LOUISVILLE, Ky. (WDRB) -- It's another hit to the family of a 7-year-old boy shot and killed while sitting at his dining room table. Signs urging people to give information in the murder of Dequante Hobbs Jr. are being stolen.
Donors placed dozens of signs across the area. Family members say the signs started disappearing Friday night.
"They should see his face. They should remember," said Micheshia Norment, Hobbs' mother. "'Cause you took a 7-year-child who was at home and you should have thought about that before pulling that trigger."
The signs have been taken from Shawnee Park, off Dixie Highway and in the Russell, California and Chickasaw neighborhoods.
"It's disturbing," Norment said. "It's disrespectful."
No one has been arrested for Hobbs' murder.
"It's very important for me to know and to look that person in the eye of who killed my son," Norment said.
One of the signs was placed at the intersection Dixie Highway and Dumesnil Street in the field near a Simmons College Hall.
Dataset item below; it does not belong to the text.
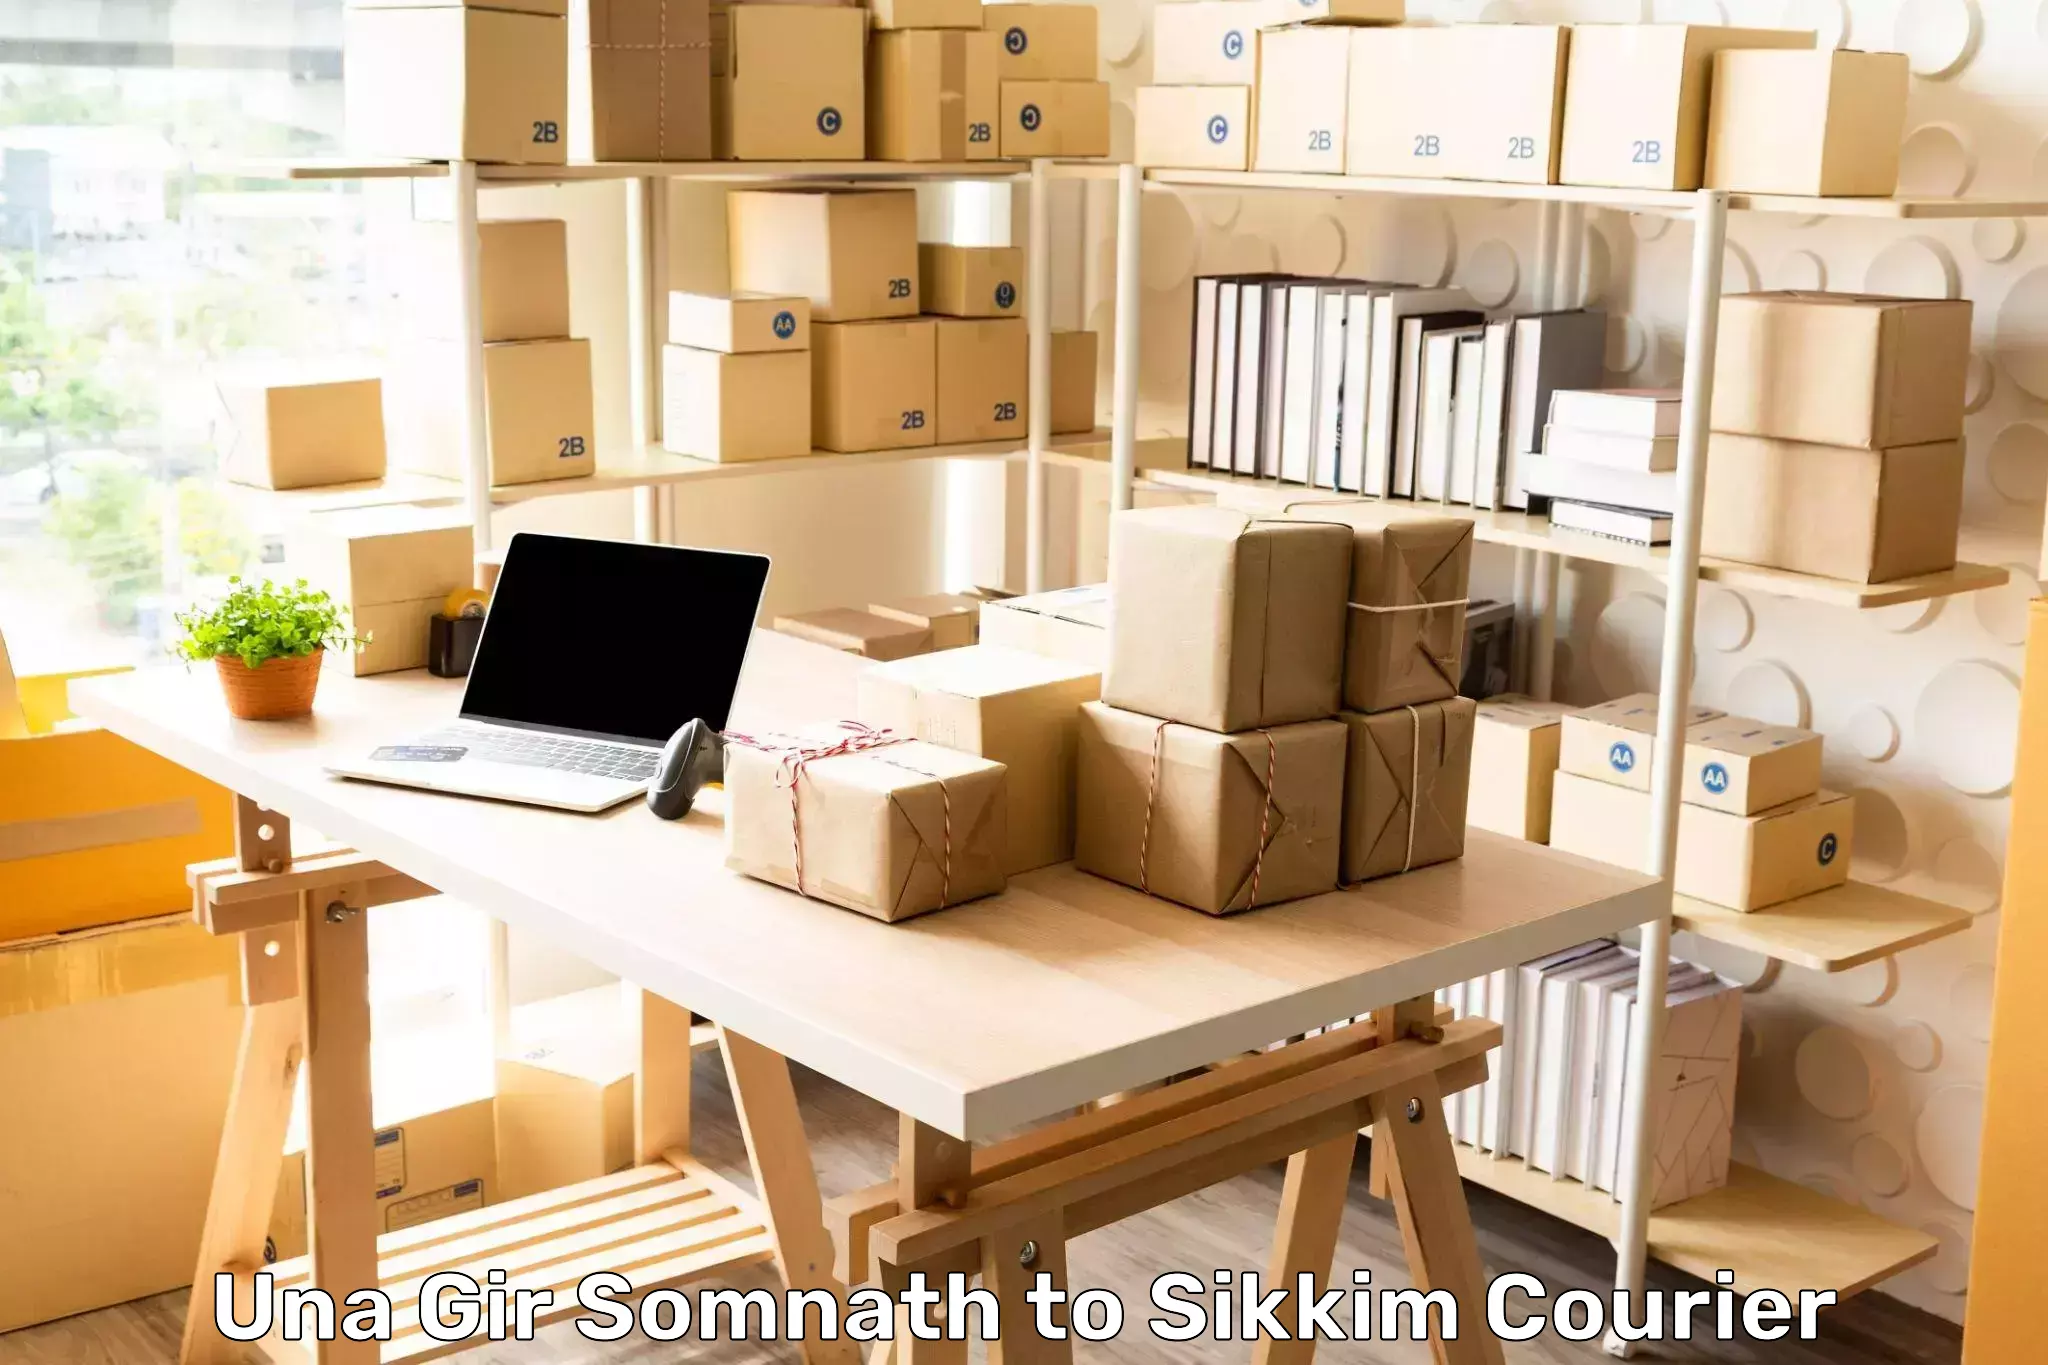 Premium courier services Una Gir Somnath to North Sikkim
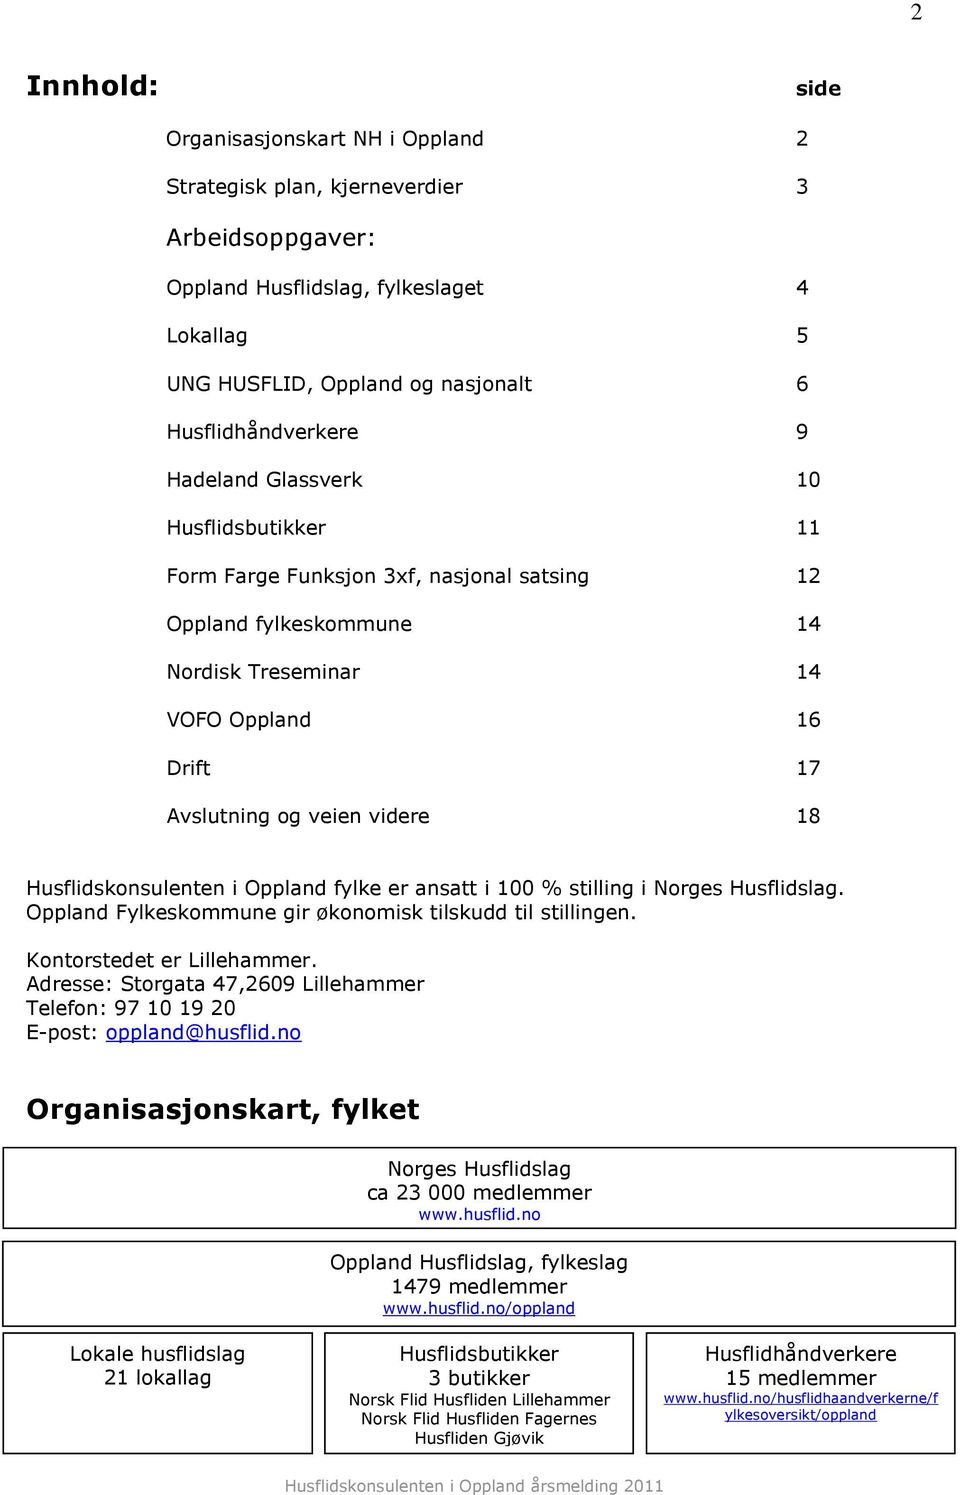 Husflidskonsulenten i Oppland fylke er ansatt i 100 % stilling i Norges Husflidslag. Oppland Fylkeskommune gir økonomisk tilskudd til stillingen. Kontorstedet er Lillehammer.

Neighbors remember when it was placed, and the last time they saw it.
"We saw it, like, last Thursday evening," said neighbor Robert Milan. "Me and my son walked passed the sign. He read it, and I read it, because I was explaining to him how short life is."
"That's terrible," Milan said of the thefts. "Why would they do that?"
The family fears it's someone who knows something about the gunmen. Hobbs was shot in broad daylight, and it's believed the bullet came from a nearby dice game.
"I understand the fear that some folks have about coming forward -- fear of some kind of retribution toward them -- but the biggest retribution would be is if you had that info to put that person behind bars, and you are living with that. That's a bigger challenge to face in this life," said LMPD spokesperson Dwight Mitchell.
It's been nearly a month since Hobbs was shot and killed in his Russell neighborhood home. He was hit by a stray bullet while sitting at a table eating a piece of cake. Police said signs like this do help solve crimes.
"I feel like we're very close," Mitchell said. "We feel like it's always effective when it stays out in the forefront of the people."
On Monday, the parents replaced a sign swiped from Shawnee Park. They are 30 more, and their message is very simple: If you can't help, don't hurt. They say they've already endured enough pain.
"I just want them to stop taking signs out, period," said Dequante Hobbs Sr., the victim's father.
"I just feel like my whole heart has been ripped out of my body," Norment said.